Представители либеральной оппозиции отстаивали необходимость политико-правового решения вопроса о полном отделении церкви от государства в качестве неотъемлемой составляющей процесса трансформации «самодержавия» в правовое светское государство с конституцией и парламентом. Либеральный проект предусматривал равноправие всех конфессий и религиозных сообществ, отмену государственного статуса Православной церкви как «первенствующей и господствующей», полноту реализации принципа личной вероисповедной свободы, возможность исповедания атеизма и упразднение отживших «канонических начал» российского уголовного кодекса относительно лиц, «разномыслящих в вере». Речь шла об очищении светского законодательства от канонического наследия так называемого «византинизма», который либеральные правоведы интерпретировали как претензию православия быть единой истинной верой, из которой проистекали монополия на прозелитизм и религиозная нетерпимость [258] .
258
А. Кистяковский, «О преступлениях против веры», в Наблюдатель, 1882, № 10, с. 102; Д. Спасович, «О преступлениях против религии», в Протоколы уголовного отделения Санкт-Петербургского юридического общества за 1881 г., т. III. СПб., 1882, с. 9–19; Г. П. Добротин, Закон и свобода совести в отношении к лжеучению и расколу. Киев, 1896, с. 9, 13; К. Маасен, Девять глав о свободе совести. СПб., 1882, с. 15–69; И. С. Бердников, Краткий курс церковного права. Казань, 1888, с. 231; Н. Суворов, Курс канонического права. Ярославль, 1890,
т. 2, с. 231.Основные требования либералов – «свободная церковь в свободном государстве» или «в правовом государстве не может быть господствующей церкви» – стали популярными лозунгами антимонархического «освободительного движения».

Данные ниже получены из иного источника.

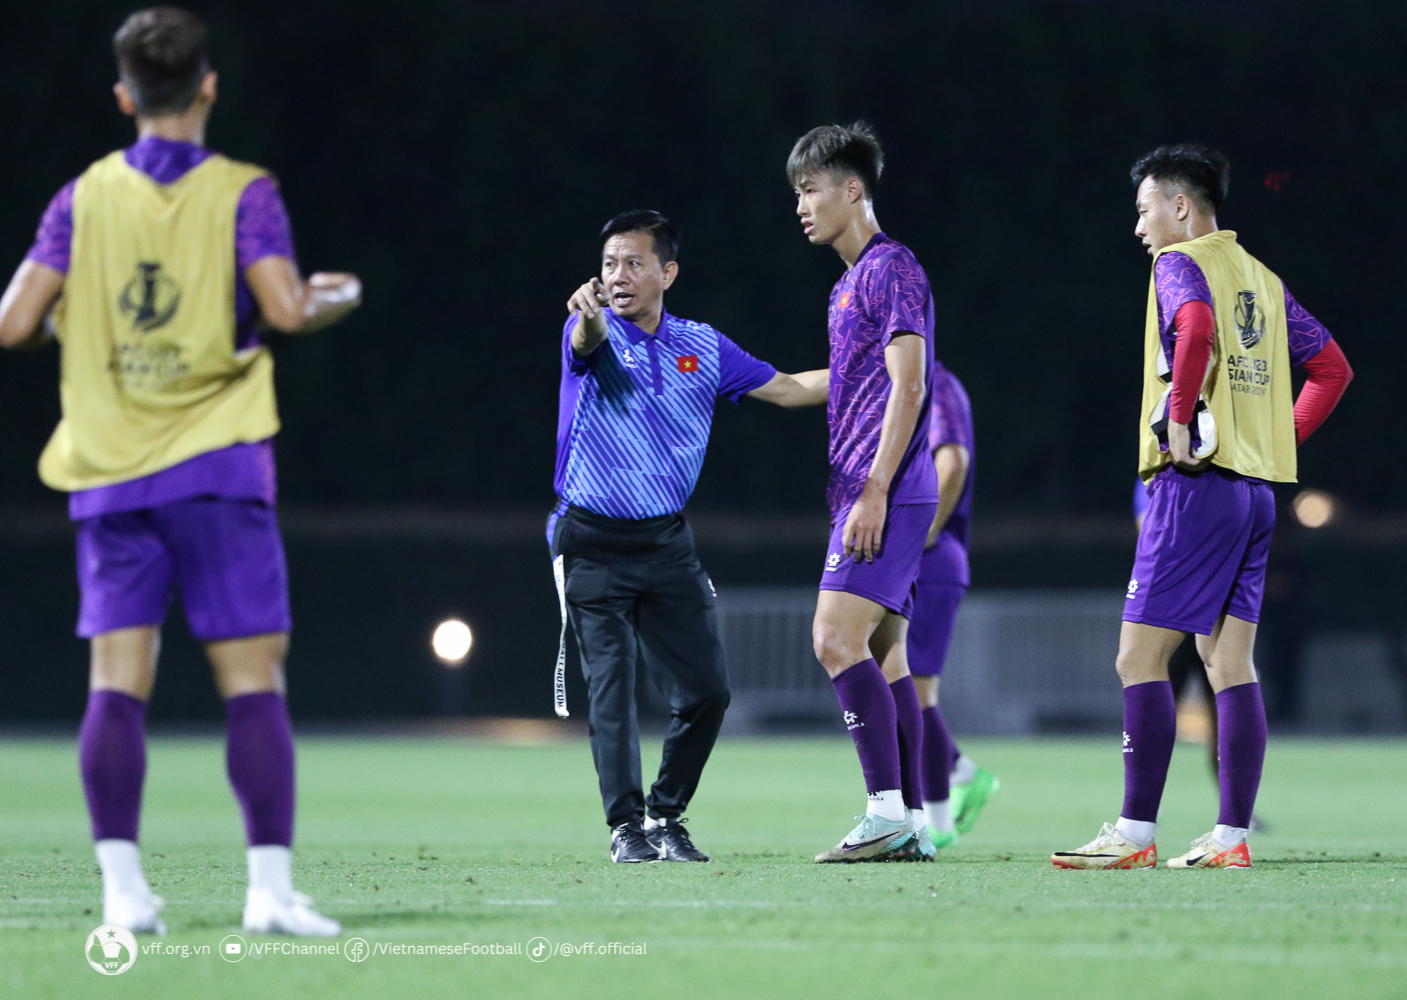 Loại 4 cái tên U23 Việt Nam, HLV Hoàng Anh Tuấn nói lời từ đáy lòng - ảnh 1

В свою очередь консерваторы, включая представителей православной иерархии и клира, выступили сторонниками церковных преобразований, цель которых заключалась в восстановлении соборных принципов управления церковью в соответствии с церковными канонами и предоставлении ей свободы в управлении внутренними делами. Церковные реформаторы, участвовавшие в работе Предсоборного Присутствия 1906 г., выступали за сохранение традиционного привилегированного положения Православной церкви в империи, рассчитывая на прямое покровительство императора во взаимоотношениях церкви с государственными структурами и всероссийским представительным органом – Государственной думой. Соборное движение в Русской церкви ставило своей целью реконструкцию унаследованного от Византии и Московского царства «симфонии» светской и духовной властей, нарушенной, с точки зрения церковных реформаторов, в результате синодальной петровской реформы [259] .
259
С. Л. Фирсов, Русская Церковь накануне перемен (конец 1890-х -1918 г.). М., 2002, с. 228–229; Г. Ореханов, иерей, На пути к Собору. Церковные реформы и первая русская революция. М., 2002, с. 135–136, 177–187; В. А. Федоров, Русская Православная Церковь и государство. Синодальный период. 1700 – 1917. М., 2003, с. 248–264.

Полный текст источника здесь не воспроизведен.